Why Your Home's Value Is Important
Why Your Home’s Value Is Important
The importance of knowing the value of your home
Knowing what your home is worth can be very important. Renovations, refinancing, insurance premiums, your annual tax bill, and avoiding or removing private mortgage insurance (PMI), are all affected by your home’s value. The more your home appreciates, the more equity you will have.
What is equity in a home?
The value of your home is directly related to your equity. Equity is calculated by subtracting the mortgage balance (or debt secured against your home) to the home’s current value. Equity is gained as you pay toward the principal of the mortgage loan or as the home’s value increases. You can also create equity in your home by doing renovations that can improve the marketability of your home.
5 things that are affected by the value of your home:
1. When you are looking into selling your home
When you want to sell your house, you want to get as much money back from the sale of the home as possible.
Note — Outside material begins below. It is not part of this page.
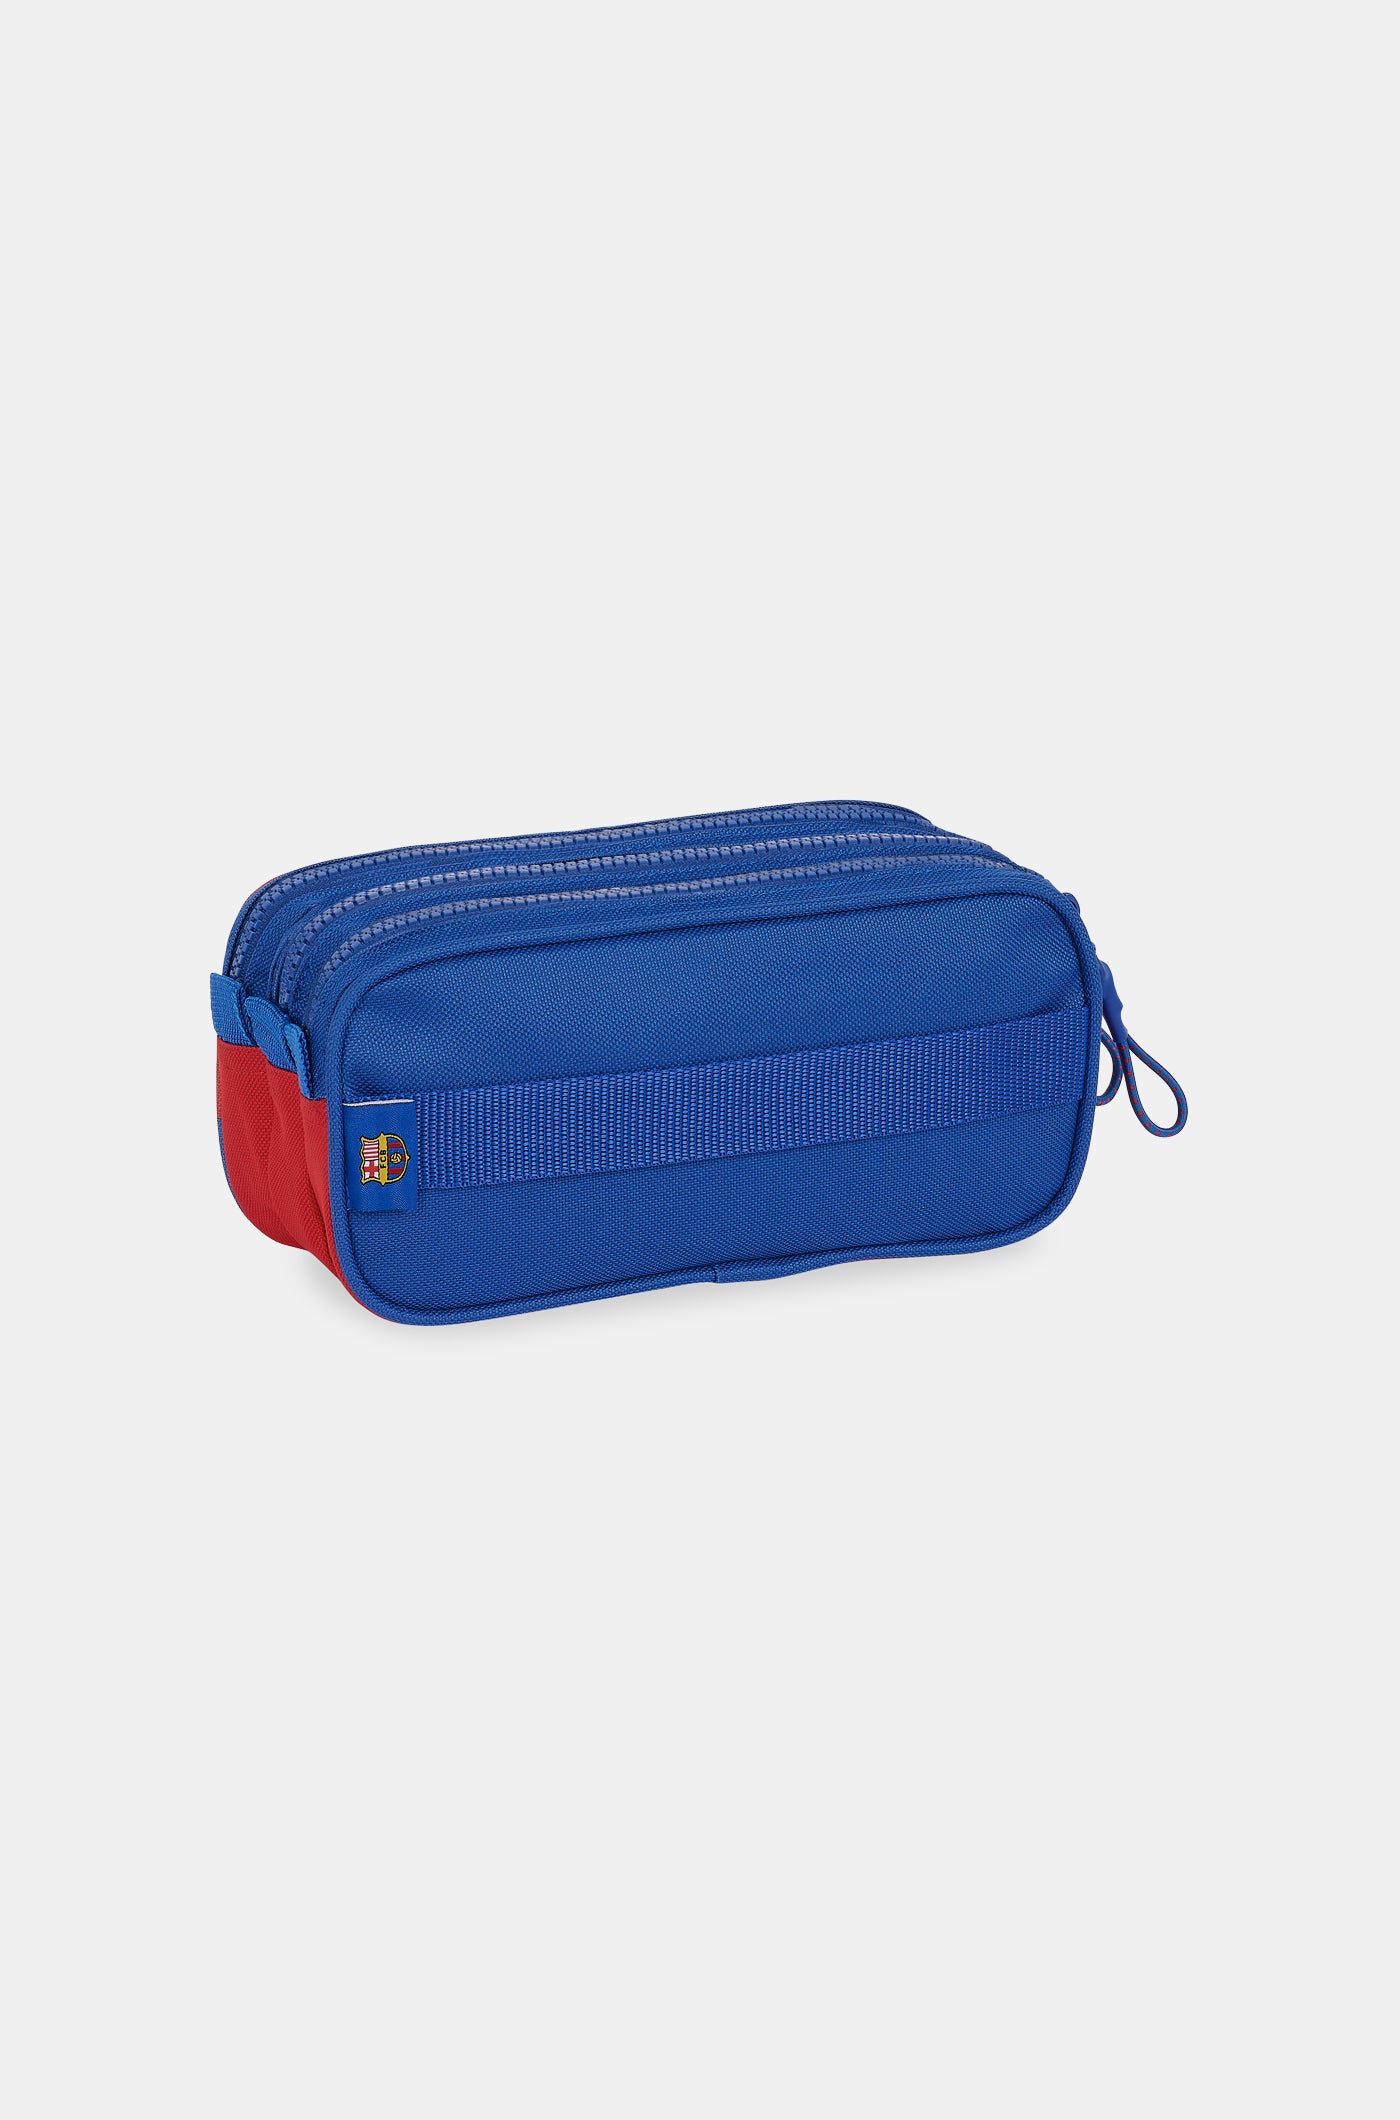 Away kit zipper case FC Barcelona 23/24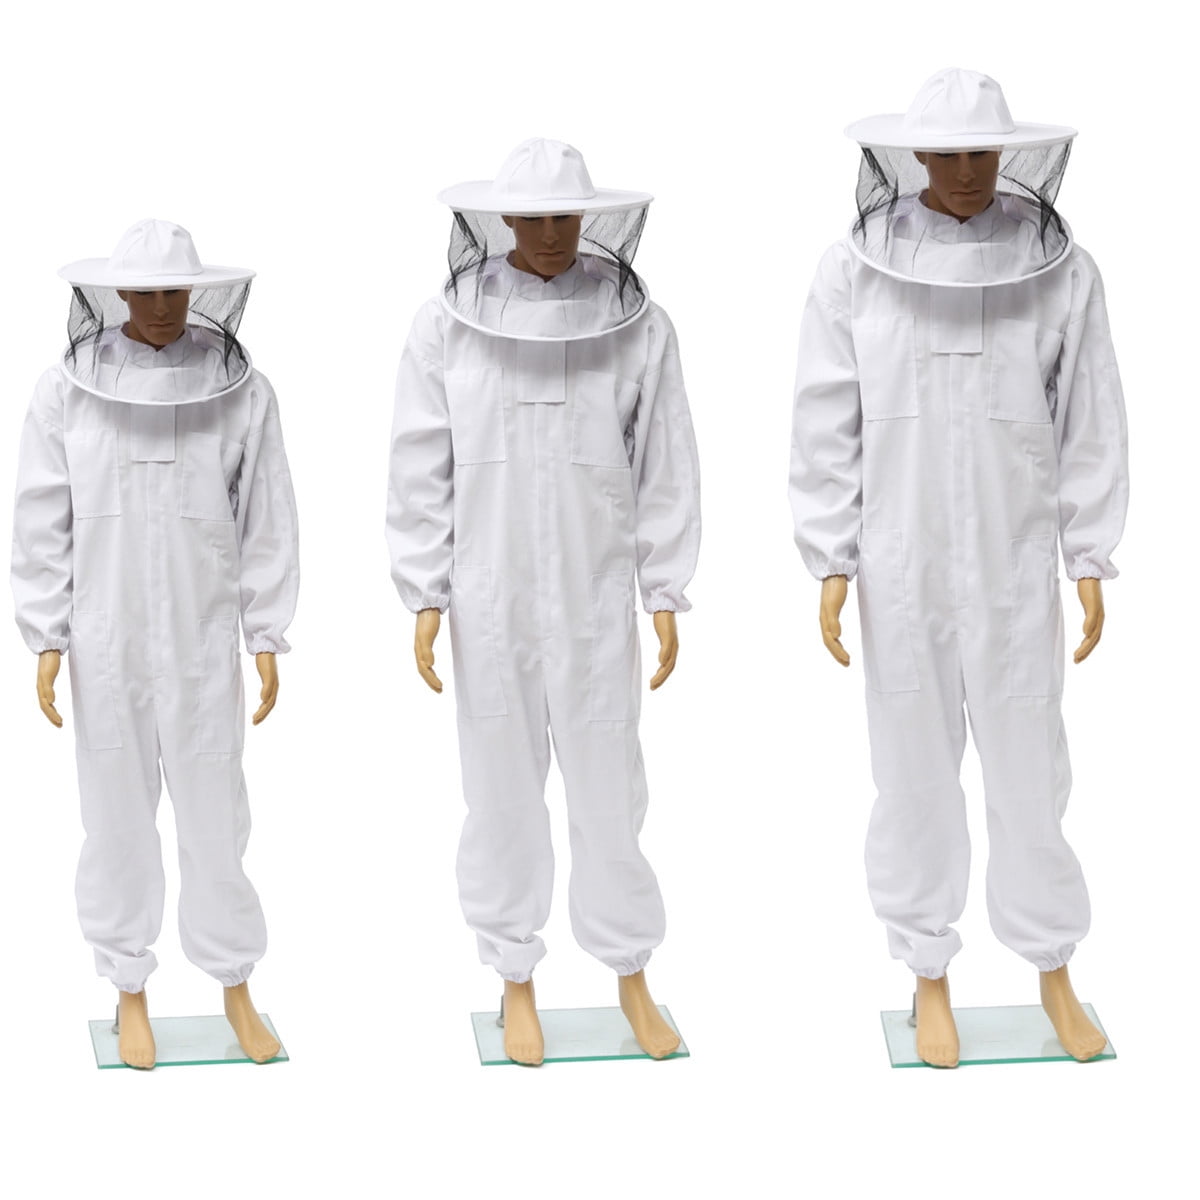 Beekeeper Protection Bee keeping Suit Safty Veil Hat All Body Equipment Hood 2XL

The equity is the money you get to keep after costs and any applicable taxes are taken into account. When you sell, the equity can be used for the down payment of another home. Lenders will have different loan products that can help access the equity if you are still waiting for it to sell (like a bridge loan).
2. Looking to do renovations to your home
It is important to know the value of your home before you do renovations. This is important If you intend to sell it for what you paid for, plus any money you spent on renovations. There are also lenders that specialize in financing renovation loans. They use products like the FHA 203k loan, Fannie Mae homestyle renovation, home equity loans and much more. The more equity you have in your home the more money they will allow you to use for the renovation project. You can find a lender that does these types of loans by going to chopdog.com.
3. When you want to refinance
If you want to get the best rate possible when refinancing, having more equity in your home is among the best ways to get a better rate. If you work with a lender, often times they will take the extra time to make sure you have a good understanding of what your home is worth and what value to expect before you get an appraisal.
4. Lowering your tax bill
On rare occasions if you get an appraisal done on your home and the value comes in lower than what the county assessed it for, you can submit your appraisal to the county and make your case why they have over-valued your home for real estate tax purposes.
5. When you want to consolidate debts
It is important to have equity in your home if you want to consolidate some debts, like high interest rate credit cards. Depending on the type of loan and the lender, you might not be able to take a loan out for 100 percent of the value of your home. Having more equity will allow you take more cash out to consolidate debts.
What's the difference between market value and the appraised value of your home?
The appraised value is the value that has been determined by an appraiser, county recorders, or bank. The appraiser comes to the value by looking at homes that have sold in your area that are comparable to your home. Then the appraiser comes up with an objective and logical value for what your home is worth. On the appraisal report you might see some adjustments based on the differences between your house and the comparable homes. Those adjustments can add or subtract from the appraised value.
The market value is the price the consumer is willing to pay. Normally this will hover very closely to the appraised value. For example if you finished a kitchen remodel, a buyer might desire your house more than a comparable house because it fits their needs better. The buyer would be willing to pay above the appraised value to ensure they get the home.
Why does the equity in your home affect PMI?
PMI, also known as private mortgage insurance, is insurance for the lender in case the borrower can’t pay the mortgage and the home goes into foreclosure. When a home buyer purchases a home and puts less than 20% down, a lender will require the buyer/borrower to pay PMI with the monthly payment. If they want to buy a $200,000 house, the buyer now takes $40,000 out of their pocket.
How to figure out what your home is worth?
A good starting point to get an idea of what your home is worth is by using websites like Zillow, Trulia and Redfin. These sites are not always completely accurate with their evaluation systems. According to Zillow, “The nationwide median error rate for the Zestimate for on-market homes is 1.9%, while the Zestimate for off-market homes has a median error rate of 7.5%. This means that the Zestimates for half of all on-market homes are within 2% of the selling price, and half are not. For most major markets, the Zestimate for on-market homes is within 10% of the final sale price more than 95% of the time.”
These sites are best used for single family homes in markets where all the homes are very similar. The accuracy will decrease with the uniqueness of your home. Certain home types have larger variances in the value on those sites like condos, multi-family homes, or co-operatives and townhomes. It's always best to do some preliminary research yourself. You can do this on Zillow by filtering through the sold homes that are the same home type as yours. Find a couple of the same home type with similar features and updates that have sold within the last 6 months. Now, take those comparable homes and first use the ones that are closest to your home, while not crossing into any other subdivision or major freeway or road. This should give you a starting point into what your home would sell for in this market.